An Olympic Games gold medalist and World champion Olympic Games and World champion is planning to run in the Air New Zealand Hawke's Bay International Marathon this year.
Rowing superstar and single sculls champion Mahe Drysdale's intentions for May 13 were revealed recently in Air New Zealand in-flight magazine Kia Ora and confirmed, three weeks into his training, when he spoke as a guest at the inaugural New Zealand Rural Sports Awards in Palmerston North last Friday night.
Drysdale is currently taking a break from international rowing, but hopes to be in Tokyo in 2020 in a bid to win the singles sculls for a third time in a row, at the age of 41.
It won't be the first time Drysdale has dabbled outside his main sport in a post-Olympics gap year, having three months apart in 2013 done the Coast to Coast endurance crossing of the South Island and Ironman Australia.

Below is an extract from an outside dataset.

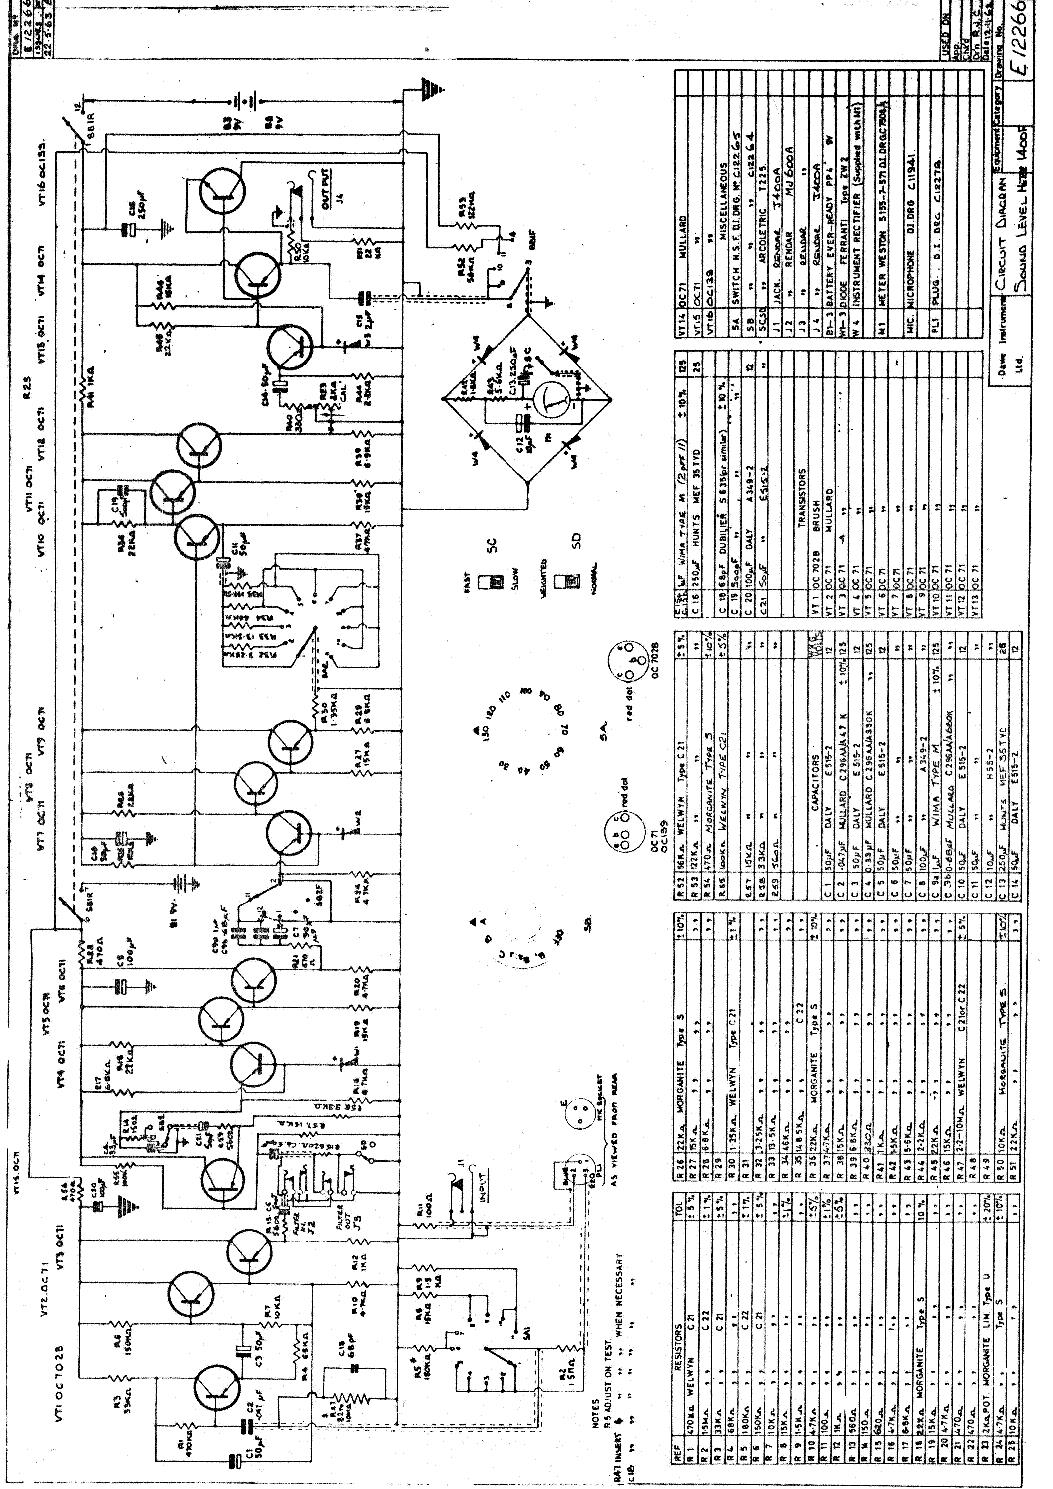 dawe 1400f sound level meter sch service manual download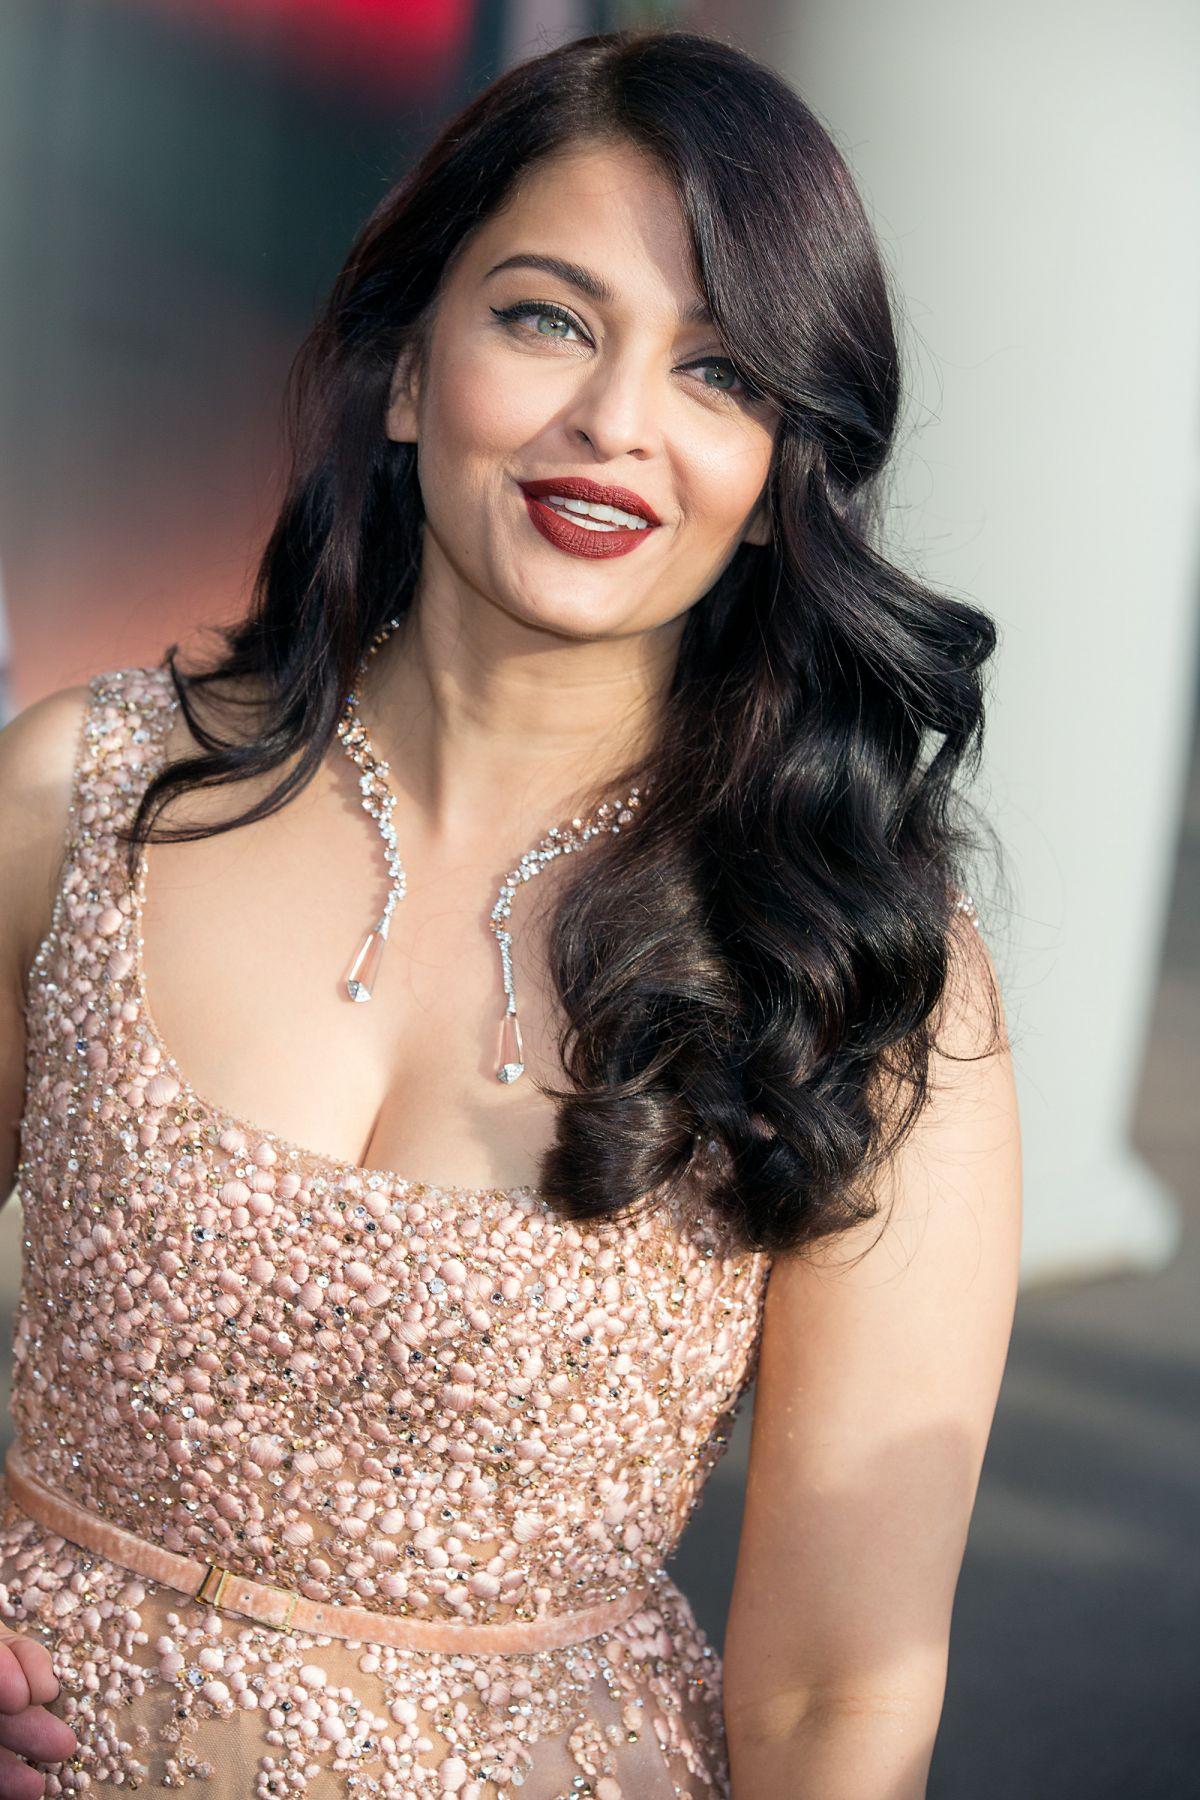 AISHWARAYA RAI BACHCHAN at Hotel Martinez in Cannes 05/13/2016

He's already completed the first leg of a similar double-hit this year, having paired with fellow rower Nathan Cohen to win the Macpac Motatapu endurance event's new teams mountain bike category in the Queenstown lakes district on March 4.
It will be Drysdale's first marathon, although one was included in the Ironman in Sydney four years ago, his overall time of 11hrs 14min 41sec including the Olympic distance 42.195km run in 4hrs 26min.
He said last night from Cambridge: "I would like to go significantly better than that, considering that that came after a 3.8km swim and a 180km bike ride."
While the marathon will be a solo thing, he won't be on his own on the day, runners in associated 10km and other events including wife and former Olympic bronze-medal rower Juliette Haigh and other friends.
It's a week-by-week mission for Drysdale, starting with 4-5km runs, now up to 10km, and heading for 15-20km, but conceding little knowledge of the possibilities, saying while he loves to run and wishes he had been a runner, his near two-metre frame and non-competition trim of about 115-120kg wasn't really made for it.
"It's not something we do in our (rowing) training," he said.
The pre-race goal is to get the body under 105kg, and then the rest can take its course.
"The obvious goal is that four-hours mark," he said. "But other than that I just want to go out and be like anyone else and enjoy running the marathon," he said.
The marathon starts on Napier's Marine Parade and ends at Sileni Estates Winery.
Several other running and walking events are held on the day with organisers hoping to match last year's foundation entry of 5000 participants.